Old dogs, new tricks
Internal combustion engines generate heat to deliver mechanical power but excess heat has to be removed to prevent failures. Nowadays, nearly all passenger cars are equipped with liquid based cooling systems, whose basic design is simple and efficient yet one century old: a water and antifreeze mixture removes heat from the engine and delivers it to a “radiator” that discharges it into the environment. Keeping the powertrain cool is the primary function of car cooling systems and driving reliable cars was fair enough for our grand-grand fathers and mothers: but the larger the car market, the more demanding the customers so in order to increase passenger thermal comfort both a coolant pump and a thermostatic valve sensitive to coolant temperature were introduced. The pump delivers hot coolant whatever temperature or engine load or revs, the valve blocks cold coolant flow to the radiator, transforming the engine cooling system into an heat source to keep warm passengers cabin or defrost windscreen: a real safety improvement in cold weathers.

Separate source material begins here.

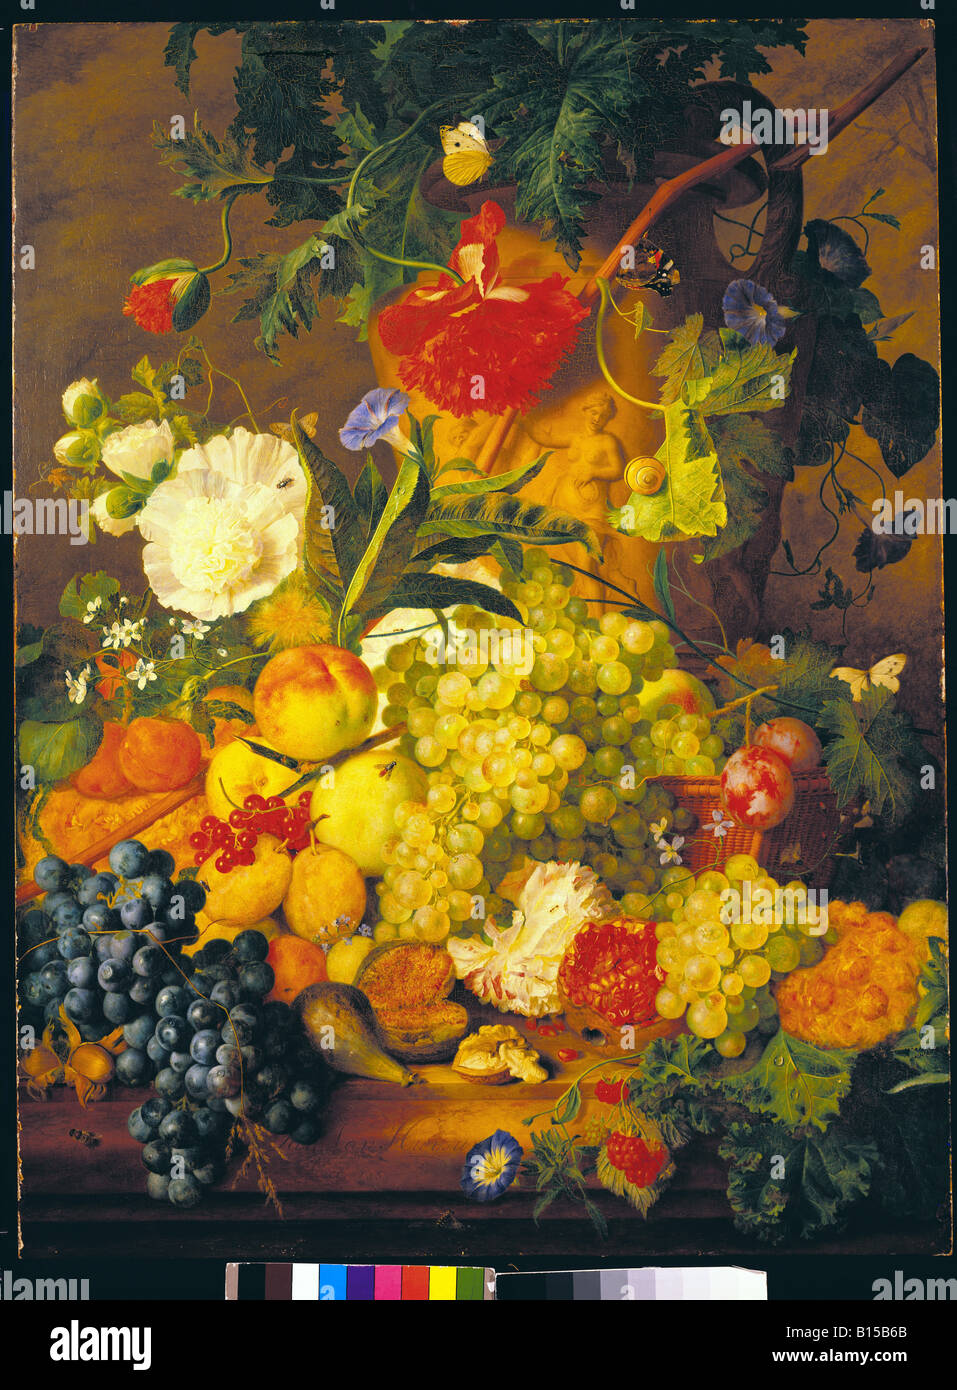 fine arts, Huysum Jan van (1682 - 1749), painting, 'Fruits, Flowers and Insects', 1735, Schleissheim Castle, , Artist's Copyright has not to be cleared Stock Photo

The secondary function of engine cooling system as a thermal power sink raised interest of car makers when more challenging vehicle pollutant emission factors were imposed. If you can prevent coolant removing heat from the a cold engine or the gear box for a while after cranking up you can make engine metal and engine oil warm up faster and achieve a better fuel economy by reduced mechanical losses. In the last decade supporting vehicle fuel economy improvement became the tertiary function of engine cooling system, but it came with a price: it has to be assessed running dynamic low to mid vehicle speed and engine loads, too far from severe driving conditions required to size radiators and fans.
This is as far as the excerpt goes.